In a study of eight children with the condition, called Hurler syndrome, researchers found that the gene therapy was safe over two years. It also showed potential for beating the current standard treatment, stem cell transplantation.

If the gene therapy proves safe and effective in the longer term, experts said, it may well replace stem cell transplants in the future.

"I do think this is a triumph," said Dr. Christopher Dvorak, who co-wrote an editorial published with the study Nov. 18 in the New England Journal of Medicine.

"It's likely to change lives in the not-too-distant future," said Dvorak, a specialist in pediatric stem cell transplantation at the University of California, San Francisco.

Hurler syndrome is one of about 50 genetic diseases known as lysosomal disorders, where children are born lacking key enzymes needed for body cells to function normally.

Hurler syndrome arises when a child inherits a flawed copy of a gene called IDUA from each parent.

The IDUA gene governs an enzyme that breaks down certain complex sugars. In children with Hurler syndrome, those sugars accumulate in cells, causing damage throughout the body, including the brain, eyes, heart and bones.

Enzyme replacement therapy can help with some of those issues, but it does not cross into the brain, said Dr. Walla Al-Hertani, director of the lysosomal disease program at Boston Children's Hospital.

So doctors have turned to stem cell transplants.

The process involves using chemotherapy to deplete a child's own blood-forming stem cells, and replacing them with healthy stem cells from a donor, often from umbilical cord blood. Those healthy cells provide a supply of the needed enzyme, including into the brain.

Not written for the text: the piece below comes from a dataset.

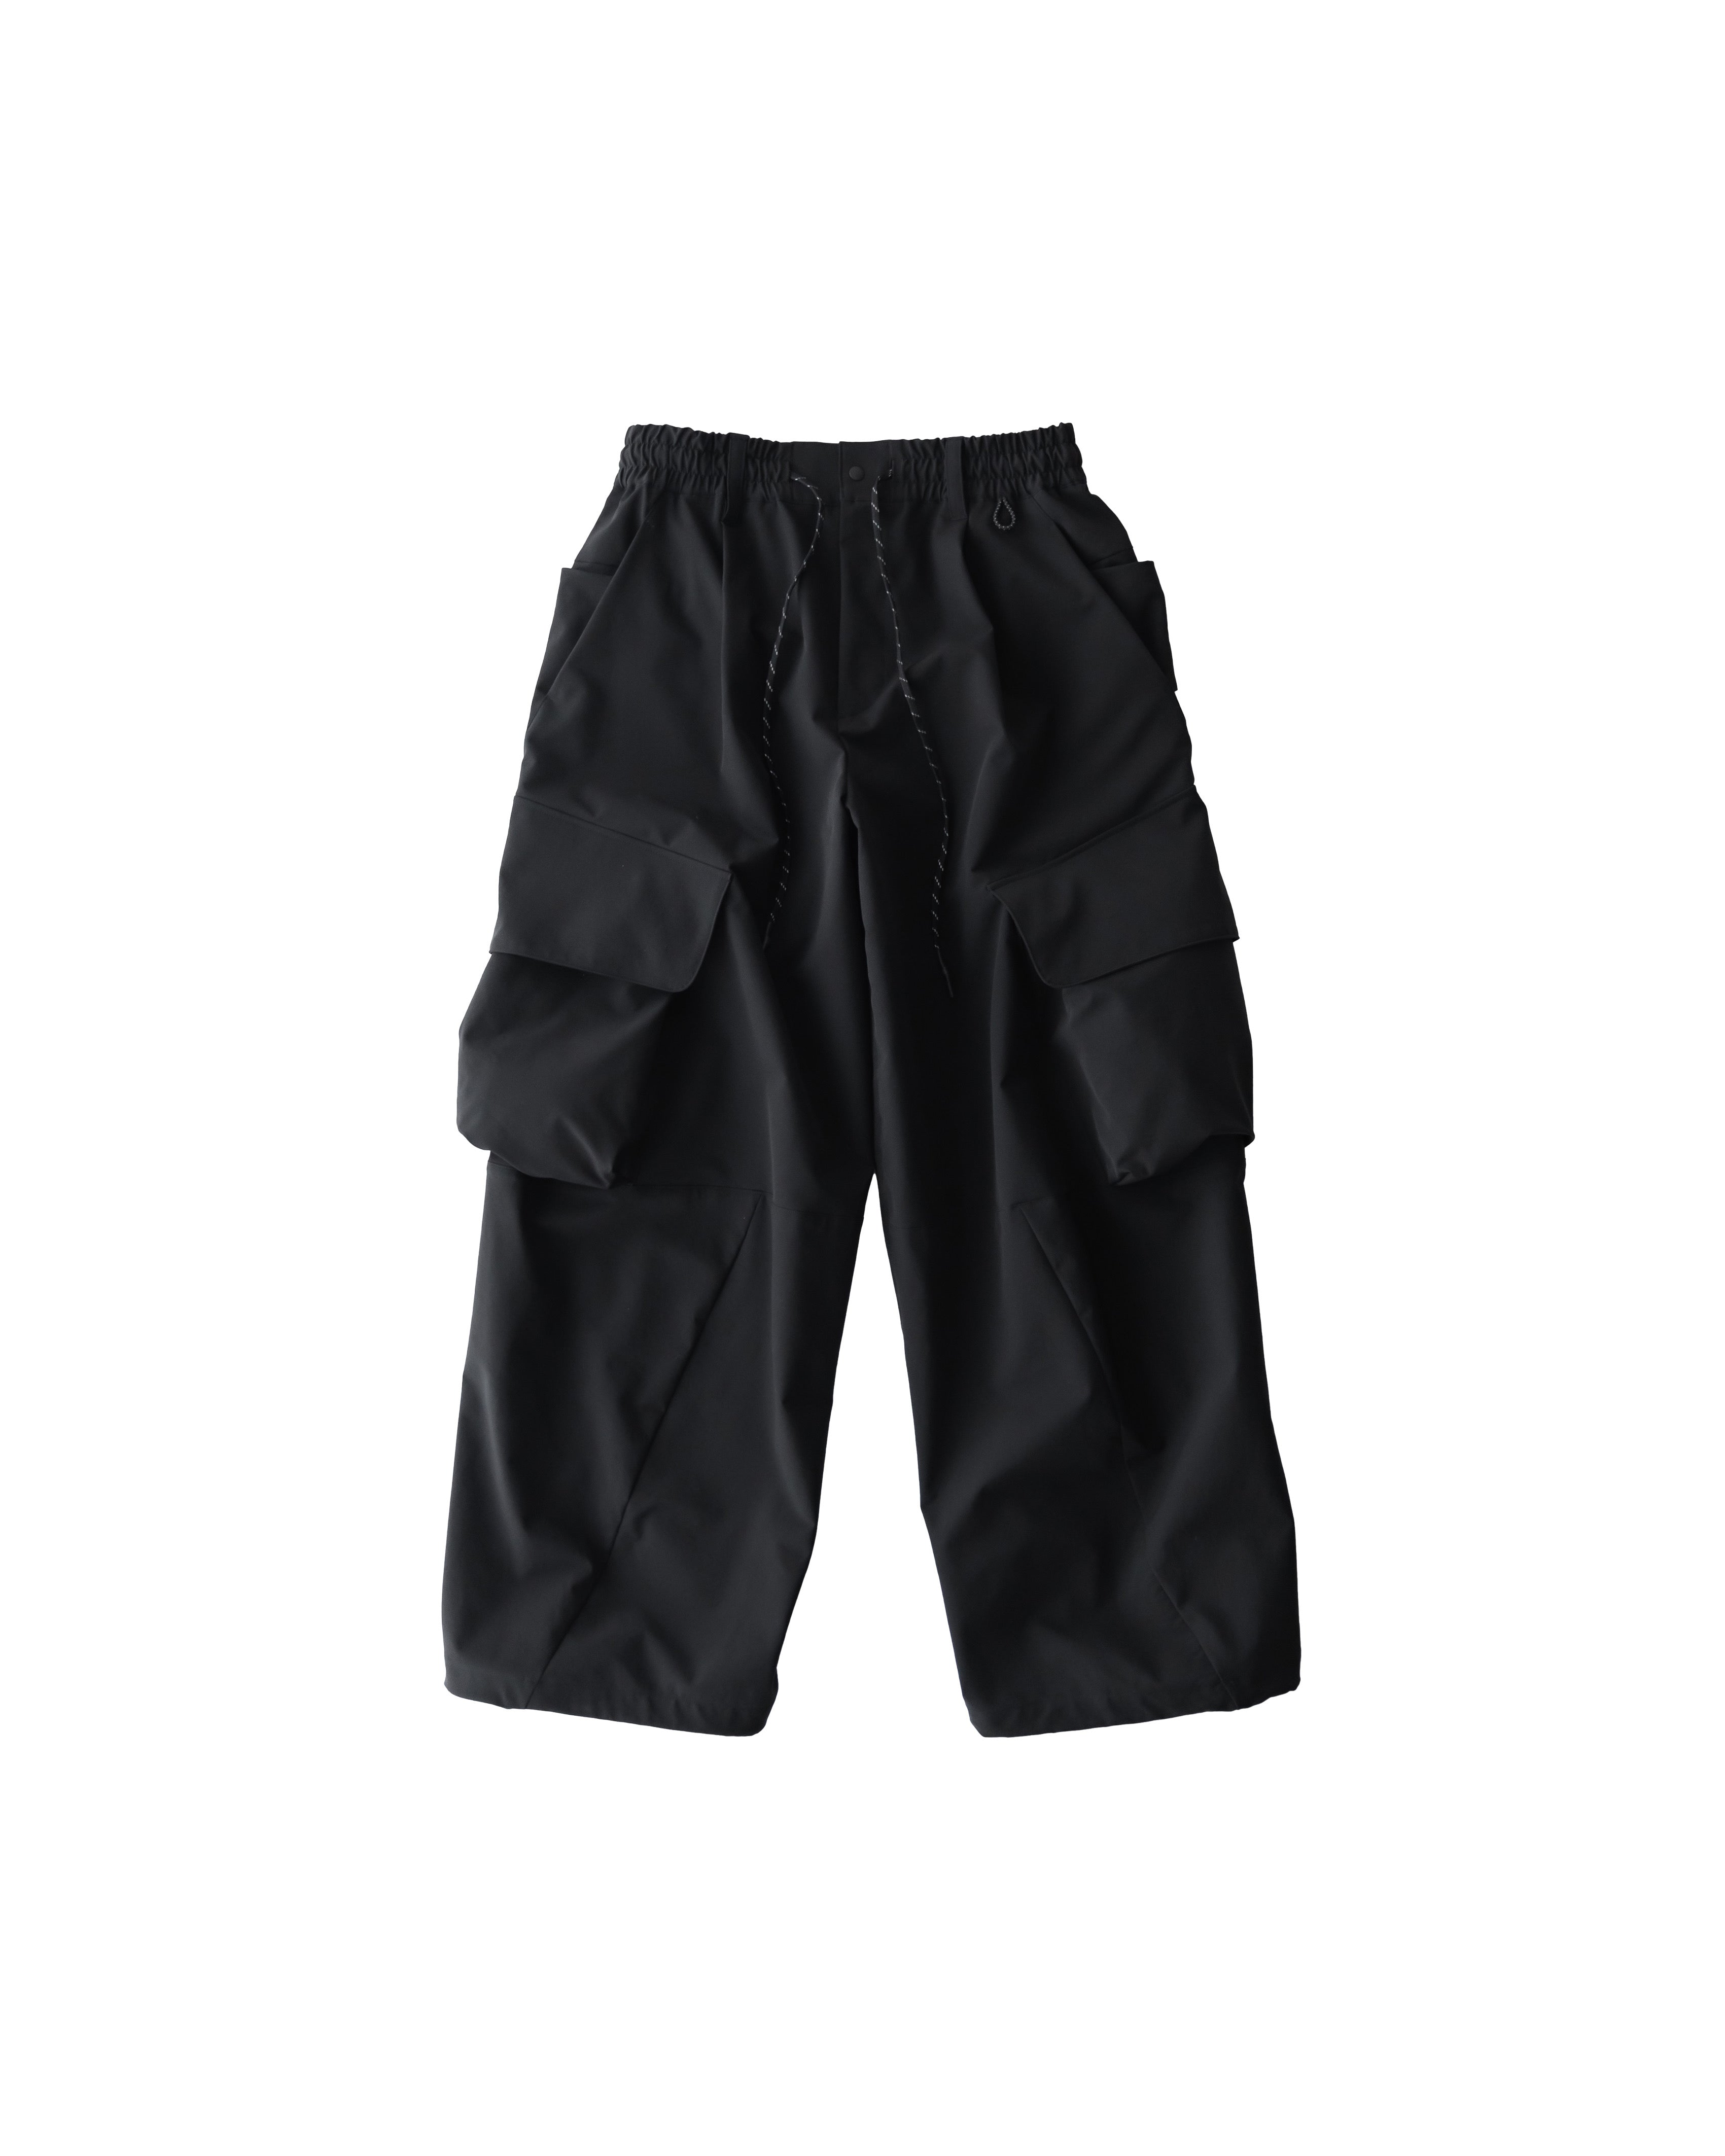 SOFT SHELL WIDE CAGO PANTS.

However, there are downsides.

Even after a transplant, both eye and joint disease can continue to worsen because those areas have a lesser blood supply, explained Al-Hertani, who was not involved in the new study.

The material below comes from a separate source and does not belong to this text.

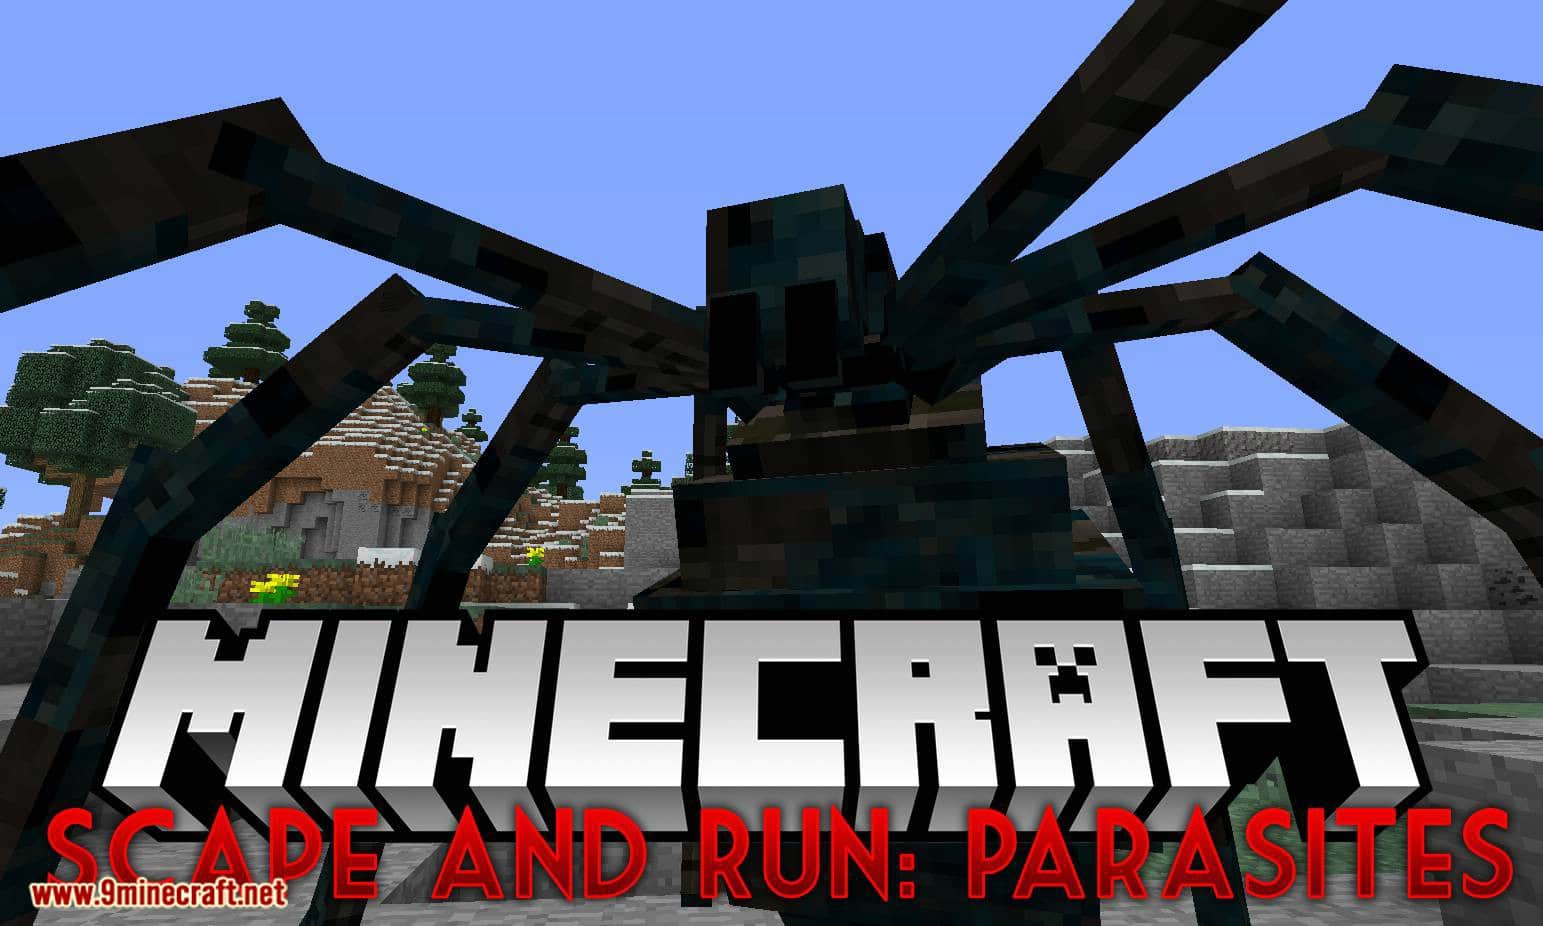 Scape-and-Run-Parasites-mod-for-minecraft-logo

And because the treatment involves donor cells, there is a risk of serious immune system reactions, which means ongoing immune-suppressing medication.

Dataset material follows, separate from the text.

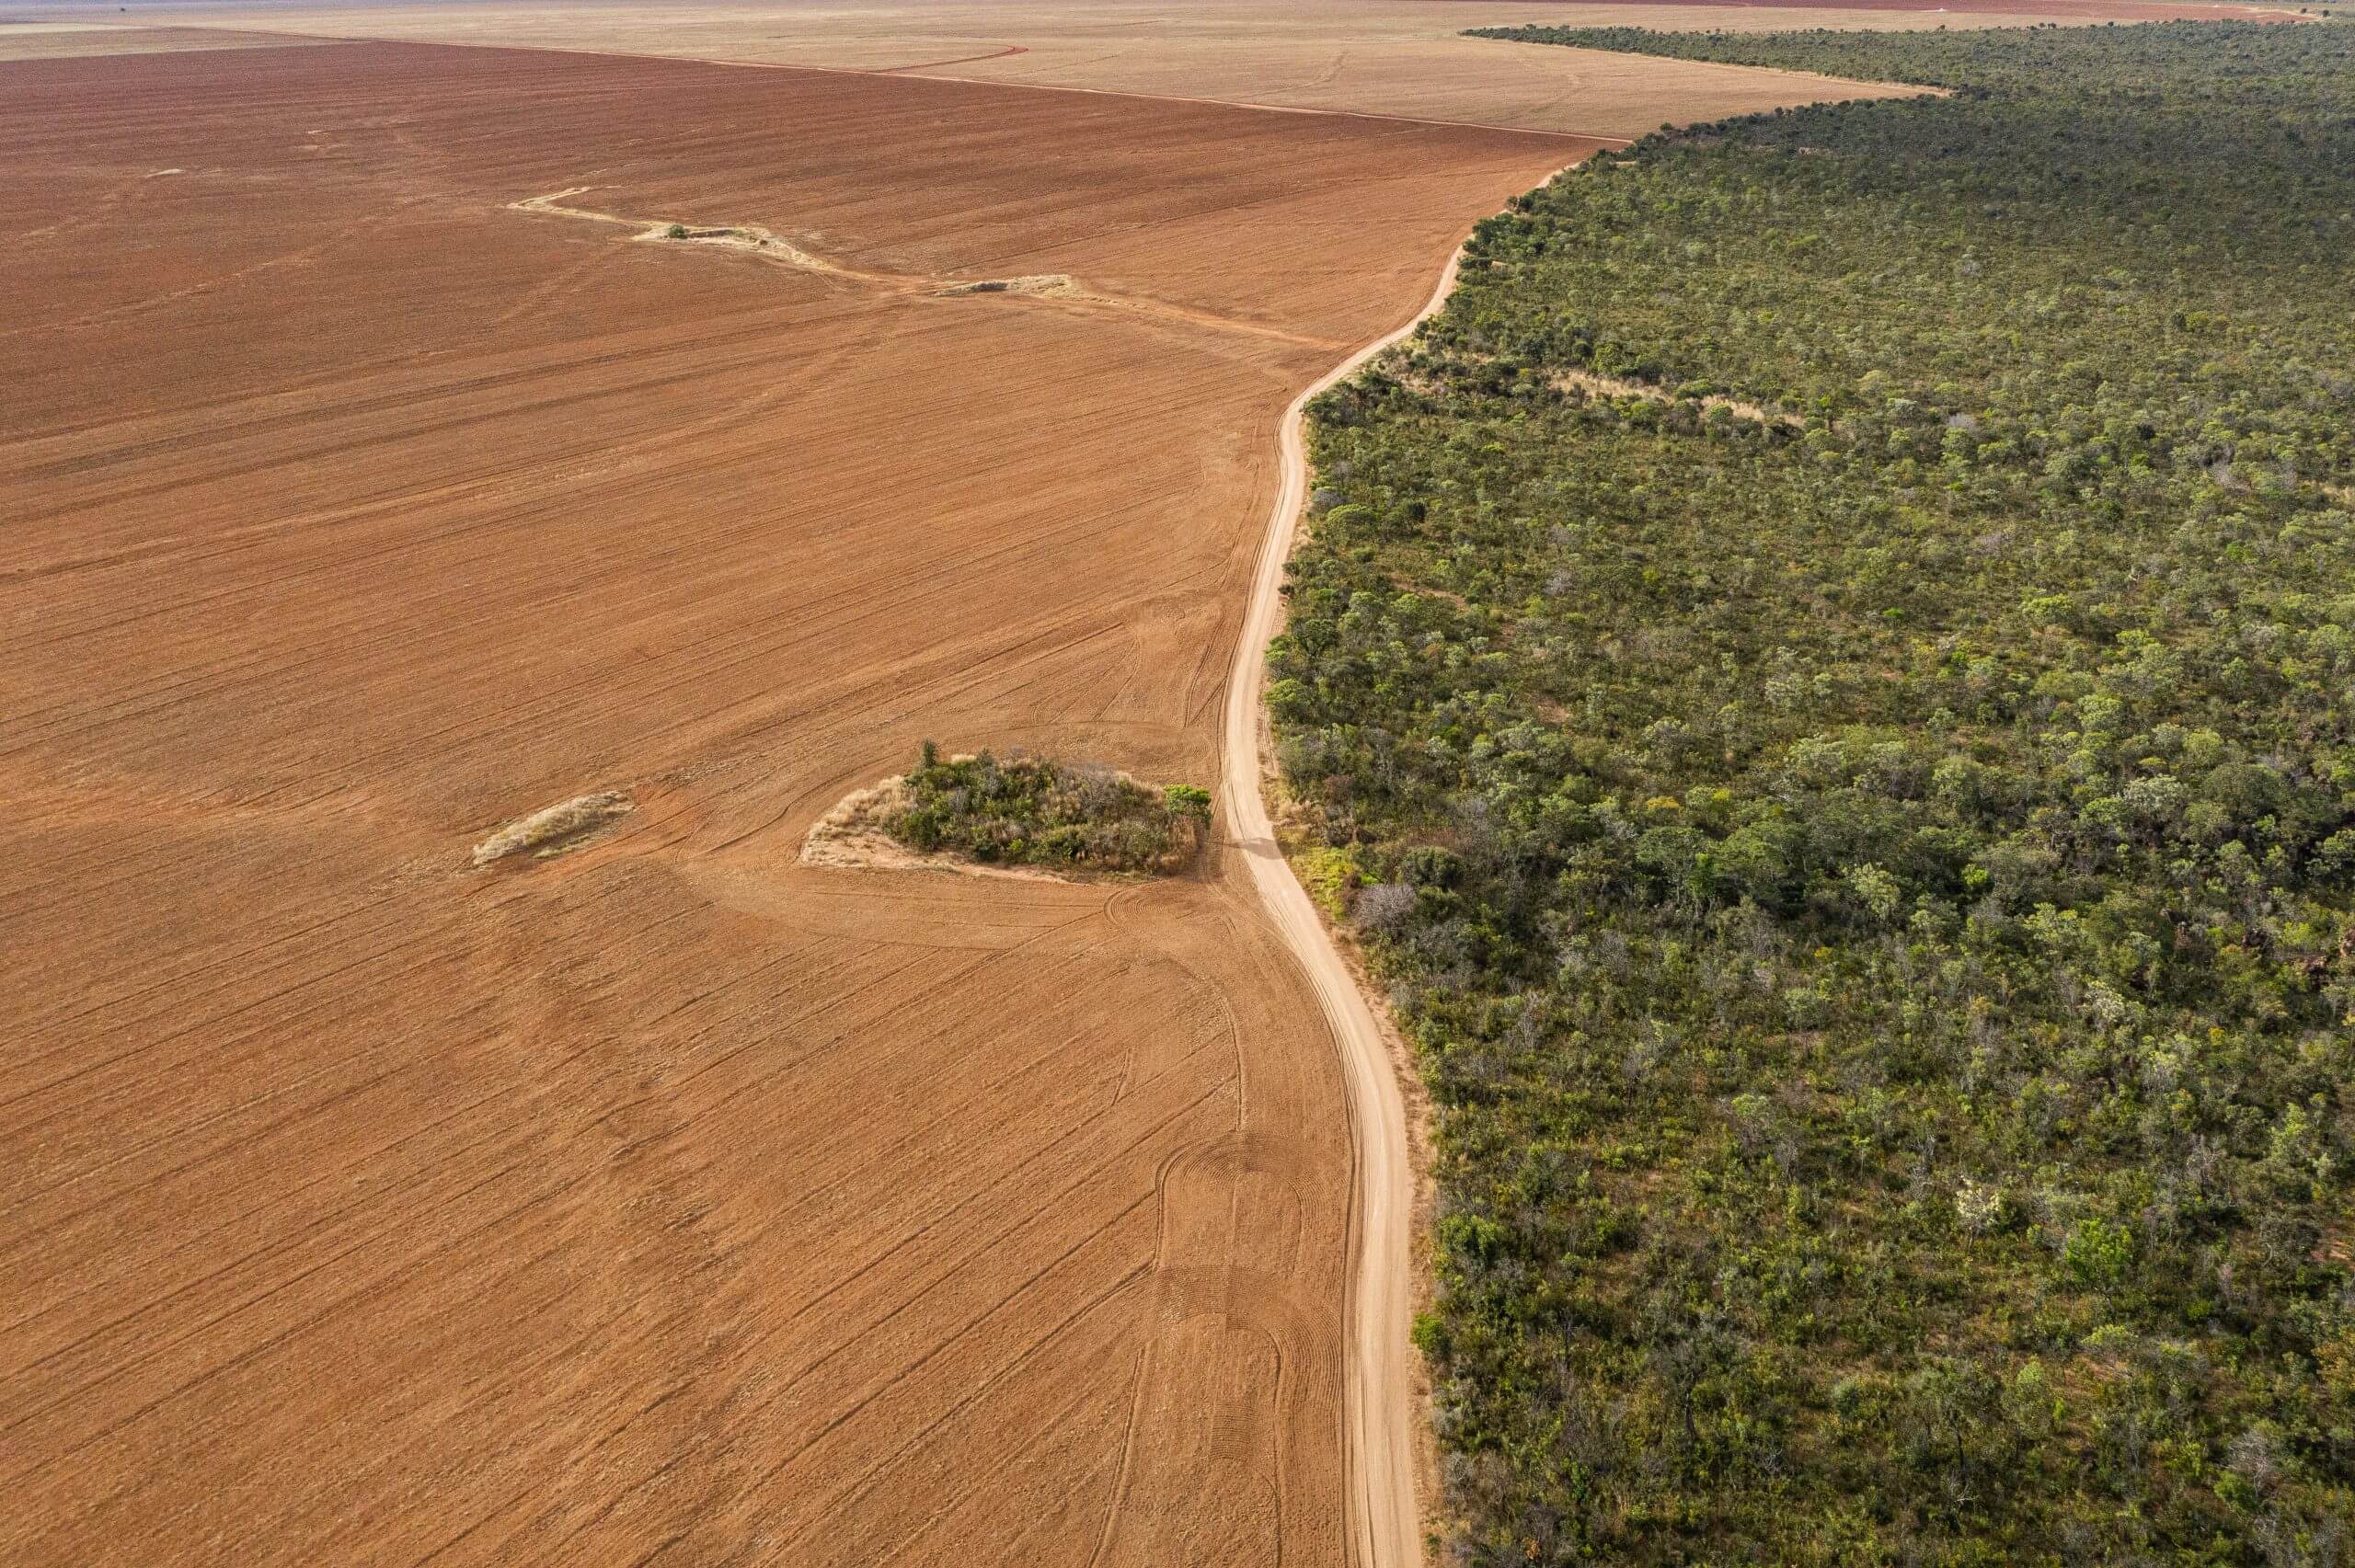 The destruction of forests to plant soy.

Gene therapy could potentially address those issues. For the new study, an international research team tested the approach in eight children with Hurler syndrome, who were about 2 years old, on average.

The tactic involved removing a sample of the children's own blood-forming stem cells, then using a safety-modified virus to deliver a functioning IDUA gene to the cells. After the children had chemotherapy to deplete their remaining blood stem cells, the gene-corrected cells were infused back into their bodies.

Within a month, the researchers found, the children were showing high IDUA activity in their blood — three to 12 times higher than what's seen in healthy donors — and a sharp reduction in abnormal sugar accumulation.

That high IDUA activity is key, according to lead researcher Dr. Bernhard Gentner of San Raffaele Hospital in Milan, Italy.

Gentner said it suggests that gene therapy might allow more efficient "cross correction" of cells in various body tissues, including the bones — where stem cell transplantation is not effective.

At this point, Gentner's team reports, the children have shown normal growth, and are stable in their learning and thinking skills, and stable or "improved" in imaging of the brain and spine.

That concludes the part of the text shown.